The RNA-binding protein Roquin plays a central role in the regulation of the immune system. Among other things, it orchestrates the activation and differentiation of T cells, and prevents immune responses from overshooting. Consequently, loss of Roquin is associated with autoimmune and auto-inflammatory disorders. Detailed knowledge of Roquin's functions is therefore vital for a full understanding of the pathogenesis of these conditions. LMU immunologist Vigo Heissmeyer and his research group have used a genetic method to selectively inactivate Roquin in a specific subset of T cells. This strategy enabled them to uncover a complex mode of action of Roquin within different subsets of T cells and during different immune responses. Their findings appear in the journal Immunity.

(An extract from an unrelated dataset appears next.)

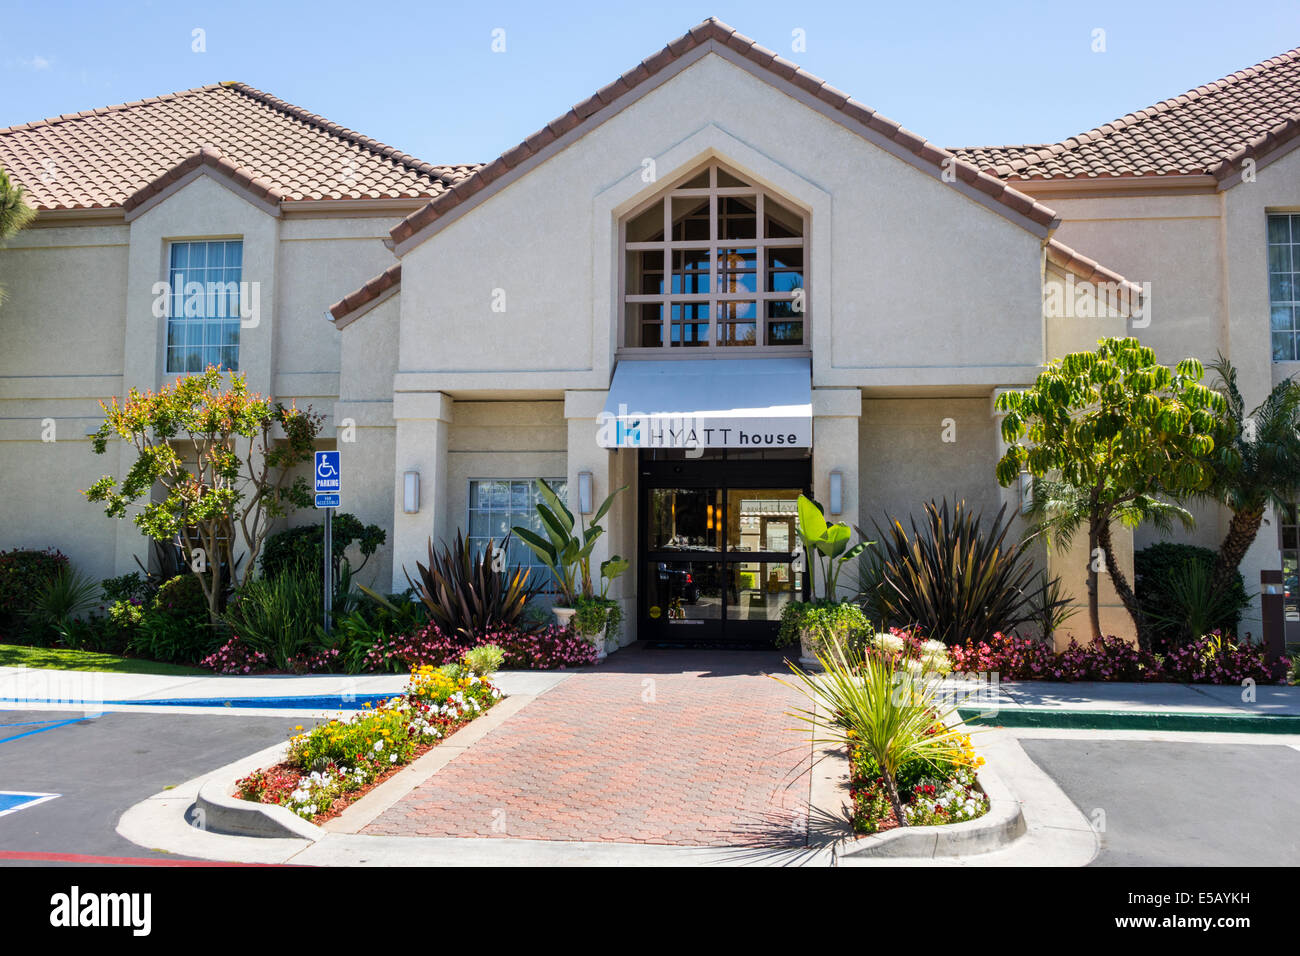 Los Angeles California,Manhattan Beach,Hyatt House,extended stay,hotel,chain,lodging,exterior,sign,signs,logo,entrance,awning,landscaping,disabled par Stock Photo

In collaboration with researchers at the LMU, the Helmholtz Zentrum München, the University of Basel and the Helmholtz Zentrum in Braunschweig, Heissmeyer's team studied a strain of mice in which the gene for Roquin has been deleted specifically in so-called regulatory T cells (Tregs). "To our surprise, we found that the level of T cell activation in these mice is almost as high as in mice lacking the protein in all types of T cells," Heissmeyer says. "This implies that Roquin function in Tregs is primarily responsible for its effect on T cell activation." The function of Tregs, as their name suggests, is to ensure that immune reactions do not get out of hand. They do this in two complementary ways. First, they inhibit the activation of resting ("naïve") T cells. Secondly, they repress the function of already activated T cells. For example, in the follicles of the lymph nodes, they interfere with the functional interaction of activated follicular T helper cells and B cells, which is required for the production of antibodies by the B cell. In order to perform the latter function, a proportion of Treg cells differentiates into follicular regulatory T cells (Tfr), which migrate into the germinal centers of the lymphoid follicles. In the absence of Roquin, too many Tregs implement this differentiation program resulting in the generation of abnormally large numbers of Tfr cells. "This imbalance may compromise other Treg functions ," Heissmeyer explains. Thus, the fact that so many Tregs are localized to the germinal centers (in the form of differentiated Tfr cells) probably makes it impossible for them to fulfill their normal role in keeping naive T cells in a quiescent state. As a result, larger numbers of the latter are activated and differentiate into T helper cells, which then stimulate other, B cell-independent immune reactions.
When Roquin is lacking, the ability of Tregs to control the course of immune reactions is therefore perturbed in two ways. : Treg-mediated inhibition of immune responses outside the germinal center is reduced, however, Tfr-mediated inhibition of antibody production within the germinal centers is enhanced. "We then looked at the consequences of the loss of Roquin at the molecular level. On the basis of comparative, genome-wide analyses of mRNA expression, we were able to show that Roquin acts as an inhibitor at several points within a specific signaling pathway, which is essential to control the metabolism of cells. In this highly complex fashion, it also acts in Tregs to enable them to modulate the fates and function of cells required for diverse immune reactions," says Katharina Essig, first-author of the publication. According to the authors, the new study not only elucidates how Roquin prevents immune responses from running out of control, it also opens up new perspectives on targeting Roquin in the treatment of diseases resulting from deregulation of the adaptive immune system.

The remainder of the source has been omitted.